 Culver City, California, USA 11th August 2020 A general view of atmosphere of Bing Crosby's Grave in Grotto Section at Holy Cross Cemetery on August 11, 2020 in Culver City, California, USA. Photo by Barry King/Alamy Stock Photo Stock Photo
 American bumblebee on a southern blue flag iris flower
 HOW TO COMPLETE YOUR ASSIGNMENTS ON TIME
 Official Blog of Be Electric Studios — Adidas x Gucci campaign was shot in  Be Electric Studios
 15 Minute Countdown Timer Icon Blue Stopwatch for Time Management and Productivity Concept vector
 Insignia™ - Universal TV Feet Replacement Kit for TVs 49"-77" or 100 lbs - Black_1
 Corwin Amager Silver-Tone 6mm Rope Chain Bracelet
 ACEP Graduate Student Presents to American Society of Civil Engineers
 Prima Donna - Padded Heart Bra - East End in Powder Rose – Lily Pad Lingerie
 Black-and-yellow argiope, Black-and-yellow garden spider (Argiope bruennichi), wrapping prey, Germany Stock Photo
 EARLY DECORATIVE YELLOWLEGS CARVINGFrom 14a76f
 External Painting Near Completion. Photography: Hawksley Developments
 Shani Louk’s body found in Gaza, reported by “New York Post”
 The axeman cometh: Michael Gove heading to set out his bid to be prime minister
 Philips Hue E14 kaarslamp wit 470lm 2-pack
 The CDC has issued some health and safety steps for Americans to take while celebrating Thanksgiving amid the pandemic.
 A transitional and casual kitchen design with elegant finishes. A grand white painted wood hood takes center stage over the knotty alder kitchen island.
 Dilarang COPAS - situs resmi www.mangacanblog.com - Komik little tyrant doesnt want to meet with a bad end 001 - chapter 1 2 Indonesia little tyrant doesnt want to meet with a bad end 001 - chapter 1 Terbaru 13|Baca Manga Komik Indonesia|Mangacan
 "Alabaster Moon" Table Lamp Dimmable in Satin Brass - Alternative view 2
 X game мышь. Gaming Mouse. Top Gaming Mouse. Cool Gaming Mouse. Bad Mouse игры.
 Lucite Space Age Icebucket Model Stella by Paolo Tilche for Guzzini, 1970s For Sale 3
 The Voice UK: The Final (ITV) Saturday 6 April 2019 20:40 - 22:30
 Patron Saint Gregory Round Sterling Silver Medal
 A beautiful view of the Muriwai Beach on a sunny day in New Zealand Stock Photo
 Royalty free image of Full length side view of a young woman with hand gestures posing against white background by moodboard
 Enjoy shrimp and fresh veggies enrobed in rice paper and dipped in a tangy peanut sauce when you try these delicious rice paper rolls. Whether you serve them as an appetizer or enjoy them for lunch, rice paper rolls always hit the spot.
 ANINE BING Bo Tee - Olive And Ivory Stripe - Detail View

....

WHAT YOU HAVE TO DO: Would you copy, word for word, only the lines from the start of the listing to the one that contains "Shani Louk’s body", both included?

EXERCISE ANSWER:
 Culver City, California, USA 11th August 2020 A general view of atmosphere of Bing Crosby's Grave in Grotto Section at Holy Cross Cemetery on August 11, 2020 in Culver City, California, USA. Photo by Barry King/Alamy Stock Photo Stock Photo
 American bumblebee on a southern blue flag iris flower
 HOW TO COMPLETE YOUR ASSIGNMENTS ON TIME
 Official Blog of Be Electric Studios — Adidas x Gucci campaign was shot in  Be Electric Studios
 15 Minute Countdown Timer Icon Blue Stopwatch for Time Management and Productivity Concept vector
 Insignia™ - Universal TV Feet Replacement Kit for TVs 49"-77" or 100 lbs - Black_1
 Corwin Amager Silver-Tone 6mm Rope Chain Bracelet
 ACEP Graduate Student Presents to American Society of Civil Engineers
 Prima Donna - Padded Heart Bra - East End in Powder Rose – Lily Pad Lingerie
 Black-and-yellow argiope, Black-and-yellow garden spider (Argiope bruennichi), wrapping prey, Germany Stock Photo
 EARLY DECORATIVE YELLOWLEGS CARVINGFrom 14a76f
 External Painting Near Completion. Photography: Hawksley Developments
 Shani Louk’s body found in Gaza, reported by “New York Post”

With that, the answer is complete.